# squirrel cleaning issue



## dannym

i feel stupid asking but i will anyway...i recently gained an interest in hunting in general and started hunting squirrels. i researched on the internet as well as numerous magazines and have had some success this season. i, however, have had an issue after skinning and cleaning them it seams there is fur that sicks to the flesh...its not hair or fur connected to skin, its loose, single hairs that seem to stick to the flesh...can anybody help me and advise me what im doin wrong? i truly appreciate any help


----------



## Mickey Finn

The hairs a pain. Skinning them while they are still warm helps. I cut the tail half way through from the underside. Then step on it, grab the rear legs, and pull. This pulls the fur off over the head and arms. Then cut off head and arms. The skin on the legs is all that remains. This is called the britches by some. Pull them off towards the feet then cut.

Gut after this is done.

I still get some hairs which I wipe or pick off. 

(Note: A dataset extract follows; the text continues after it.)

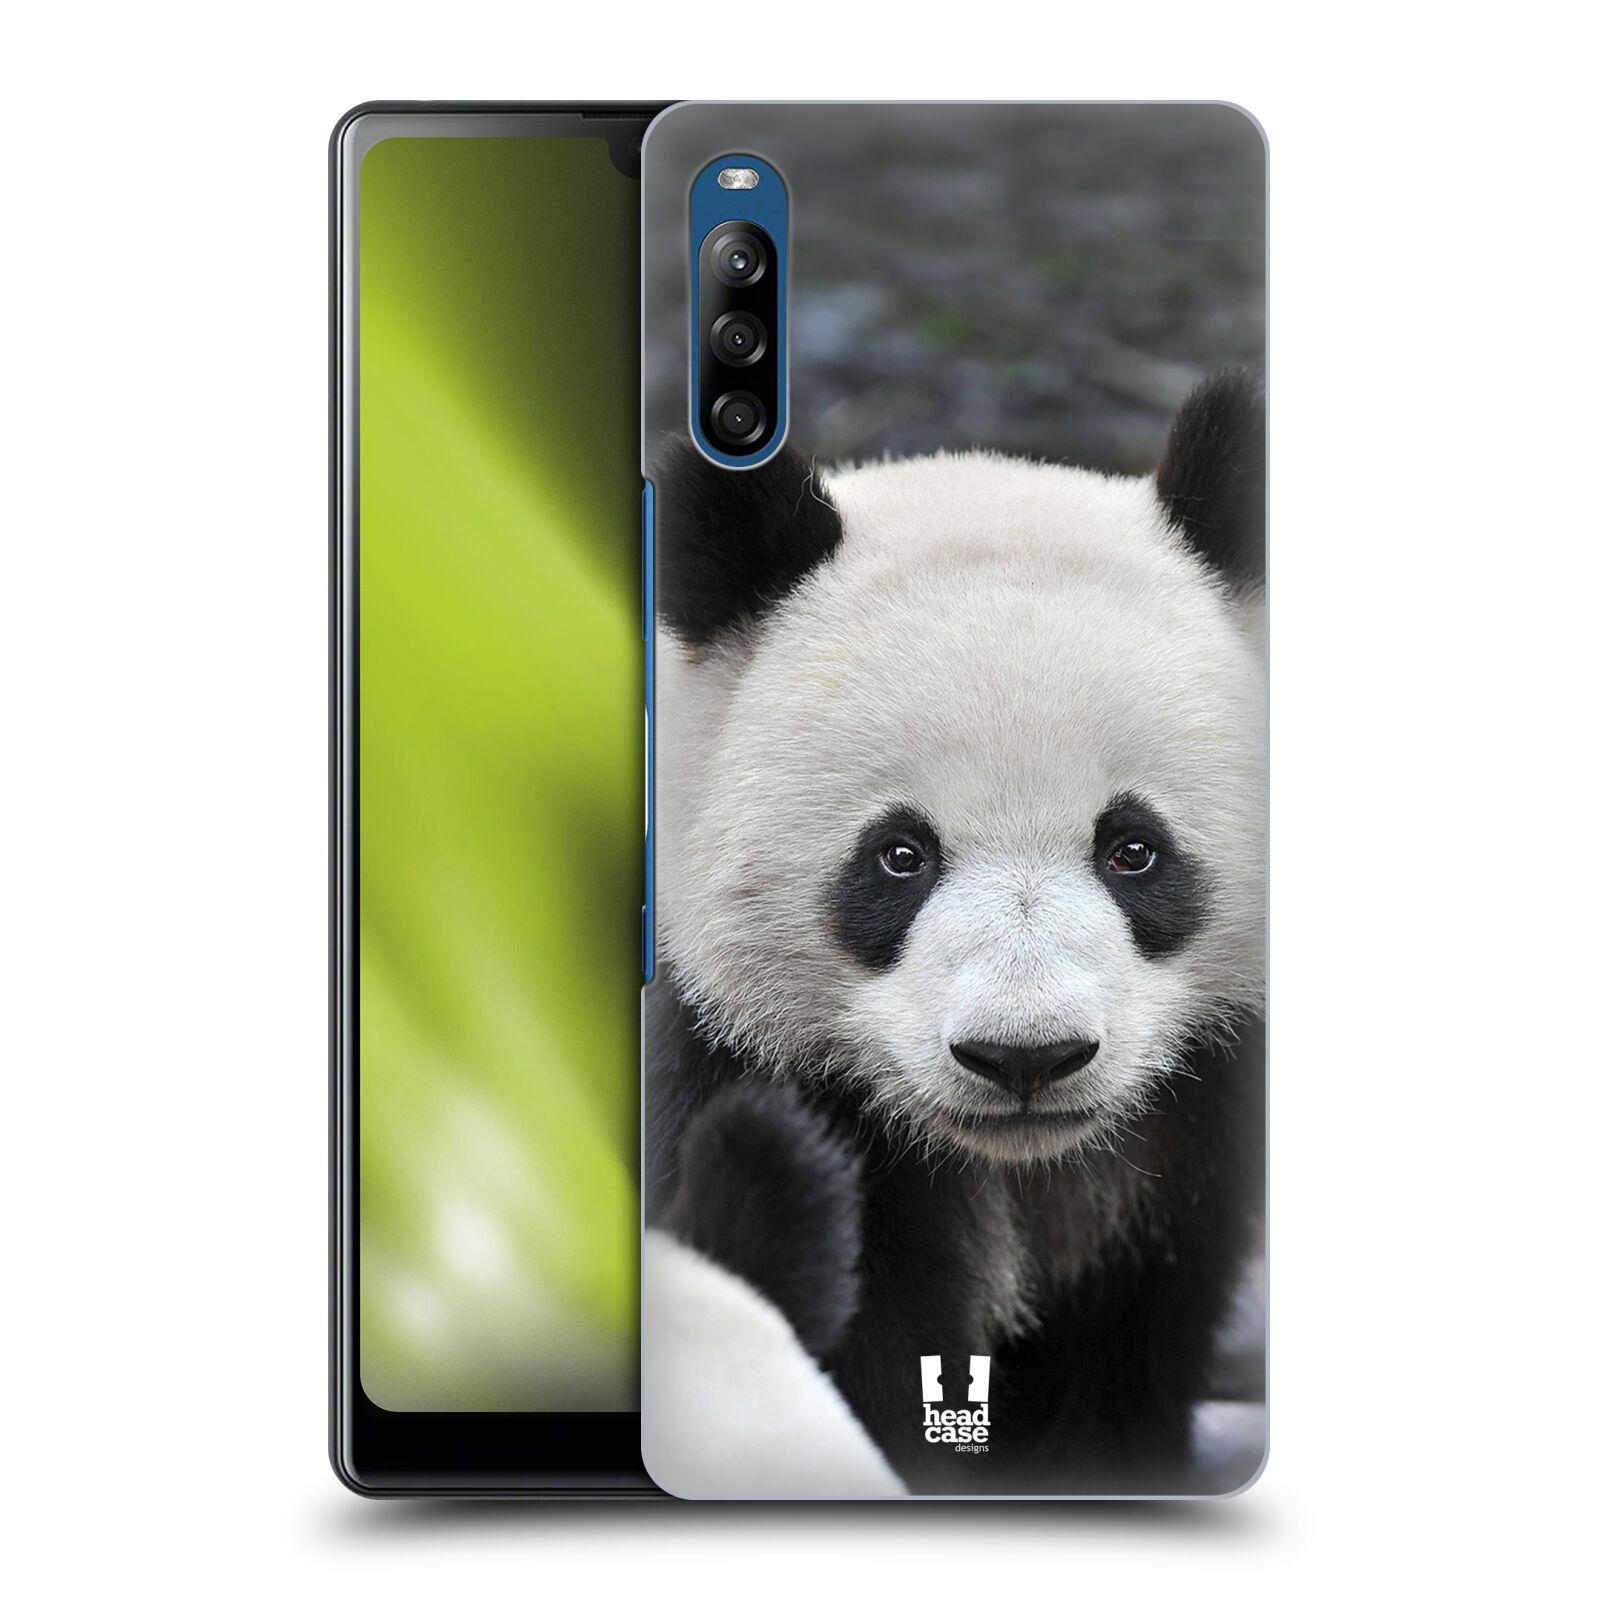 Zadní obal pro mobil Sony Xperia L4 - HEAD CASE - Svět zvířat medvěd panda

I've gotten seven this year. How have you done?


----------



## dannym

4 squirrels in 3 outtings...all in pinckney rec area...i got a late start to be honest the first time i went out was the beginning of january. i use a similair process to clean them, and i clean them as soon as they hit the ground. i soak them in salt water when i get home and it seems like the hairs are easier to see and can pick what hairs i can indivdually but it is such a hassle...thank you for the input i didnt know if i was makin a rookie mistake or if its a commom problem.


----------



## emason323

One thing that works pretty well for me is throwing the skinned squirrels in cold water when i get home. The cold makes it harder for the loose hair to stick.


----------



## part-timer

i either throw mine in a pot of water or just wash them off good and then cook them. i have washed them with cold water before and froze them as long as you dont leave them for to long you wont have to worry about freezer burn. no matter how careful i am i some fur always gets back on them.


----------



## motorcityhtps

I usually cut the skin all the way around the belly with a razor knife, then pull apart, making sure to cut the feet/neck/tailbone from the inside after the skin comes off. This is much more difficult with fox squirrels than with greys, since fox's have much thicker, tougher skin. I also don't like to step on the tails because I give them to a buddy who ties flies and dresses treble hooks with them. Today was the first time all season that I got skunked in the squirrel woods:lol::lol::lol: I did see one though.


----------



## JimP

A _*quick*_ wave of a propane torch (lit!) over the sparse loose hair works on deer...don't know why it wouldn't work on other game?


----------



## Mickey Finn

jimp said:


> A _*quick*_ wave of a propane torch (lit!) over the sparse loose hair works on deer...don't know why it wouldn't work on other game?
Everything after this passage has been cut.